1
votes

I have been using the following functions to invert matrices in lapack:

DGETRF()
DGETRI()

However, the subroutine DGETRF() considers a partial pivoting.

Question: is there any other subroutine in lapack/blas that could replace the DGETRF() without any pivoting. Also, I would like to know if there is any subroutine that uses gaussian elimination for the matrix inversion instead of LU decomposition.

2
Why does the algorithm used by a canned routine make a difference? - Bob Jarvis - Reinstate Monica
It makes difference because of performance. Pivoting algorithms are expensive. By writing a Gaussian elimination algorithm for matrix inversion I have been able to obtain almost 50% of the computational time of the subroutines mentioned. As BLAS and LAPACK were developed by experts in this subject, we believe that the package may have faster algorithms that do not perform any pivoting. - Bruno F

2 Answers

1
votes

The list of computational routines available in LAPACK can be found here - scroll to the bottom of the page, Table 2.8. As far as I can tell, all methods for general matrices use the factorization to perform inversion. So then there is no subroutine which uses GE to compute inverse.

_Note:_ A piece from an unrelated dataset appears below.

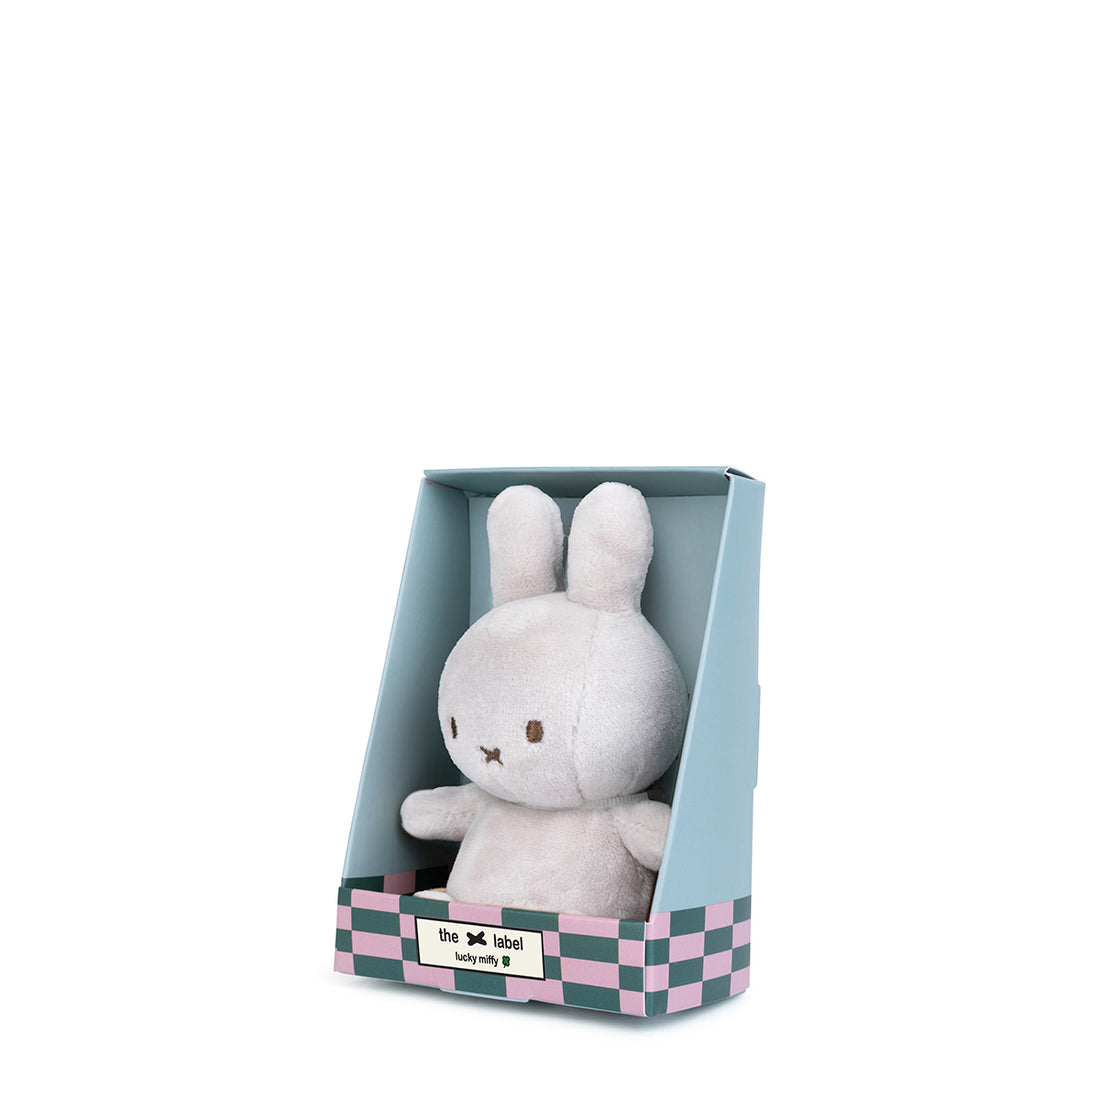 miffy-lucky-miffy-grey-in-giftbox-10cm-4-miff-24182557

Related to pivoting, I suspect that unless you really know what you are doing, you should probably not use a method without partial pivoting. Partial pivoting is not terribly expensive in terms of performance, but does provide improved numerical stability. As far as I am aware, Gaussian Elimination is also generally used with partial pivoting. In particular the algorithm breaks if any element on the main diagonal is zero (for the obvious reason). Furthermore if the value of the pivot is maximised then the numerical accuracy of the solution is generally improved.

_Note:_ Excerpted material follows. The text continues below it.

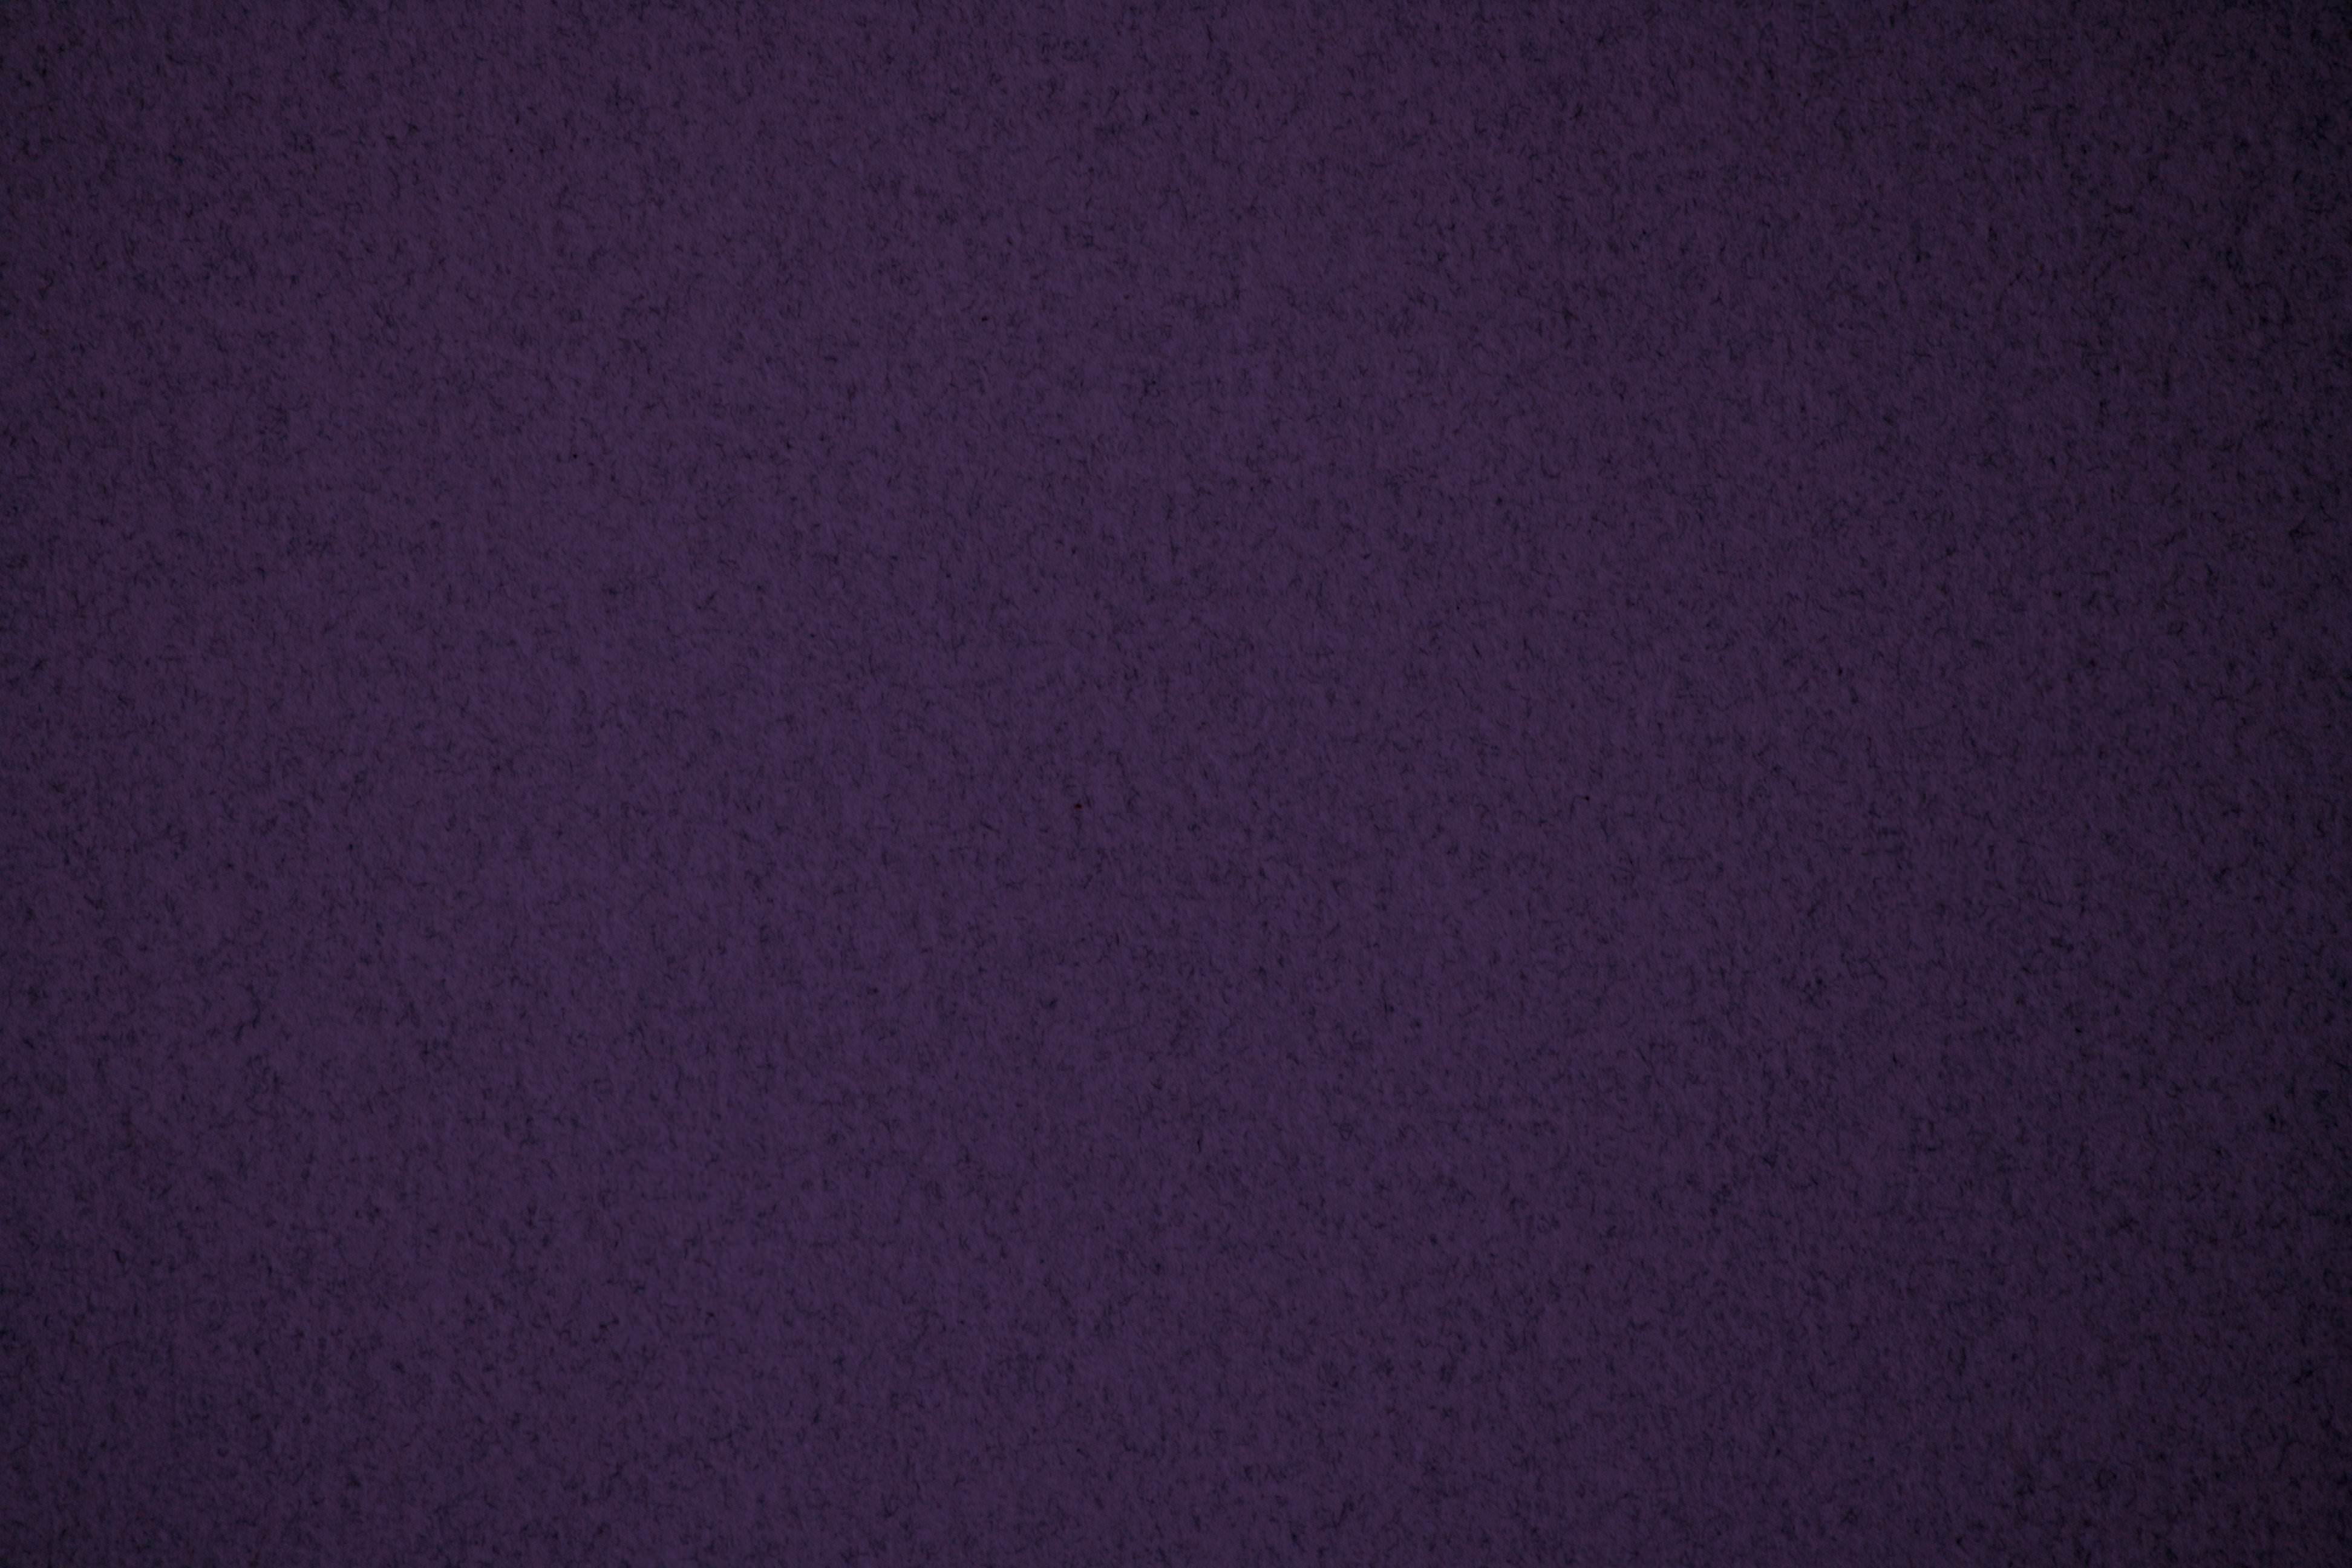 Background Image Dark Purple

If you are getting improved performance for your GE version without pivoting it's simply because you are trading off accuracy / generality of the approach for performance (which IMHO is fair game when you really know what you are doing and have a specific use case in mind, but I can see why library authors prefer to have the more generic implementation).

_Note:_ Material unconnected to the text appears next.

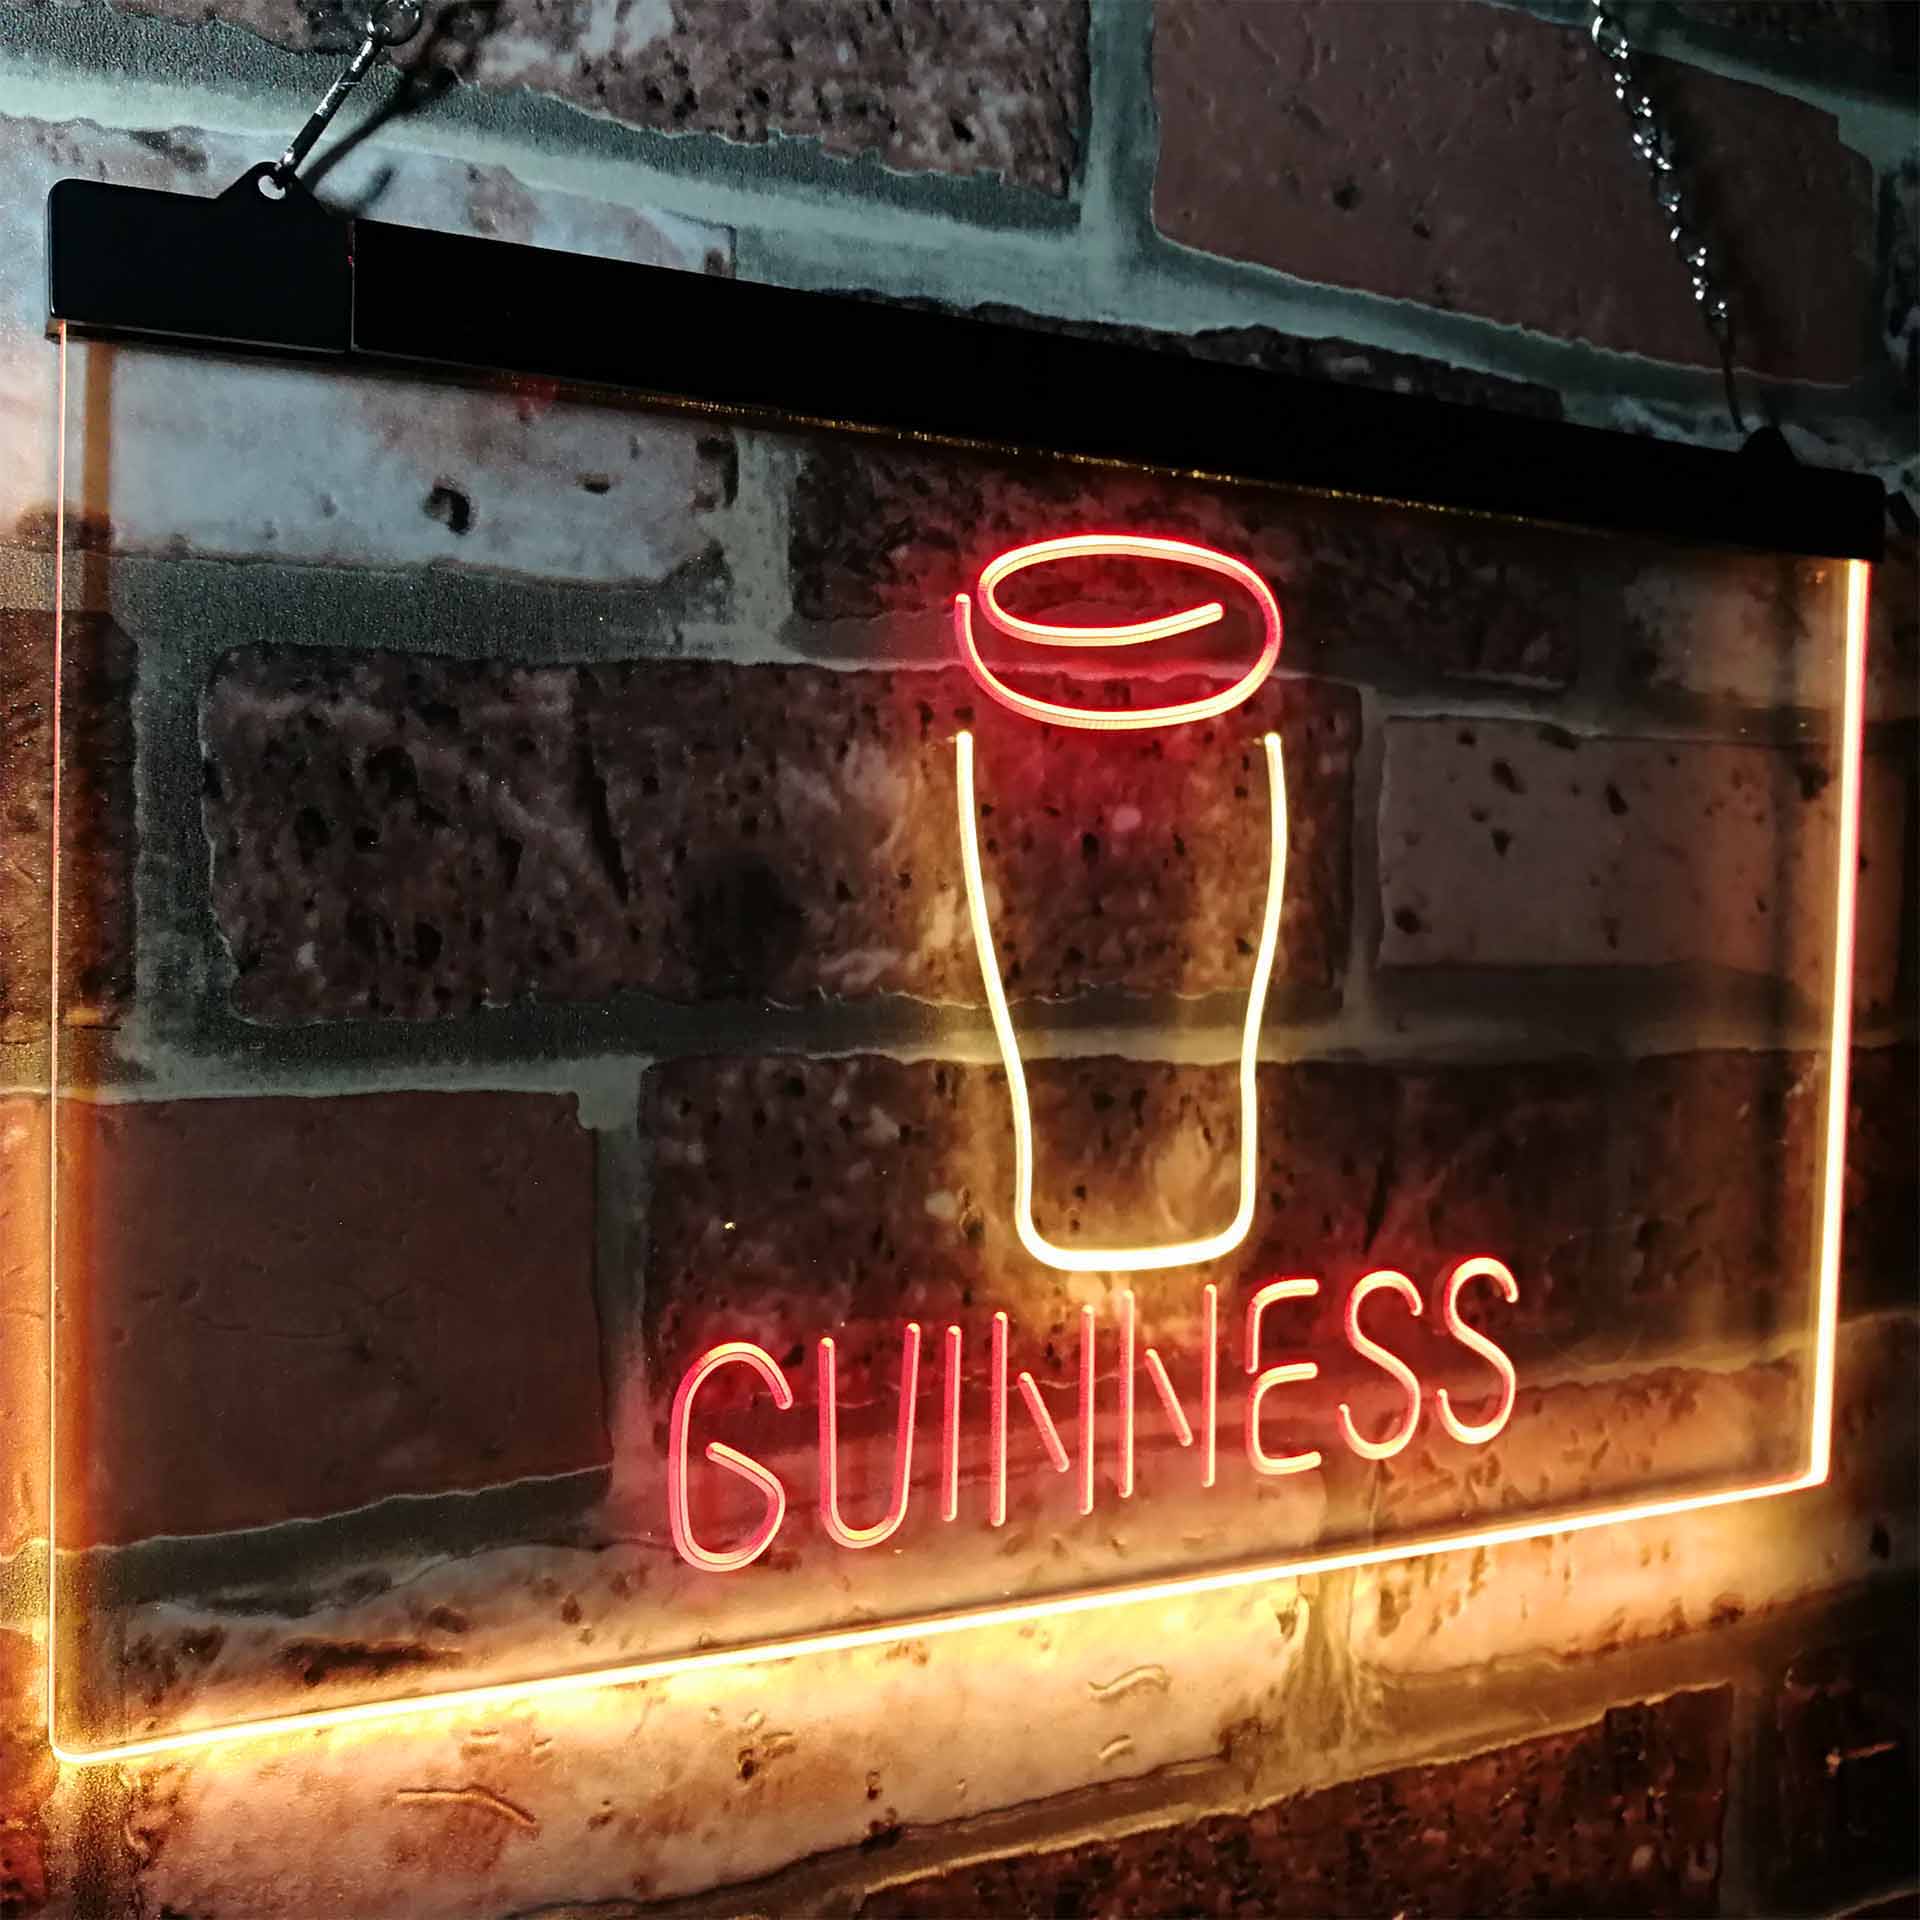 Guinness Glass Beer on tap Bar Decor Neon-Like LED Sign

As an aside if you are in the performance comparison game I would, for good measure compare against the functions for matrix inversion from Intel's MKL and ensure all compiler optimisation flags are correctly specified (-O3 -march=native at least) before drawing any conclusions.

1
votes

Is it the case that your code operates C matrix storage (row-wise)? LAPACK and BLAS use Fortran storage (column-wise). It could make a big difference in terms of cache misses.

Are your matrices large (fit in cache)? If so then you need to turn very aggressive optimization at the compiler level. Especially when it comes to relaxed floating-point arithmetic and SIMD vectorization. If your matrices are large then as suggested by paul-g use faster BLAS at the very least and vendor LAPACK if available. Reference BLAS is not CPU-optimized, it's just stock Fortran code.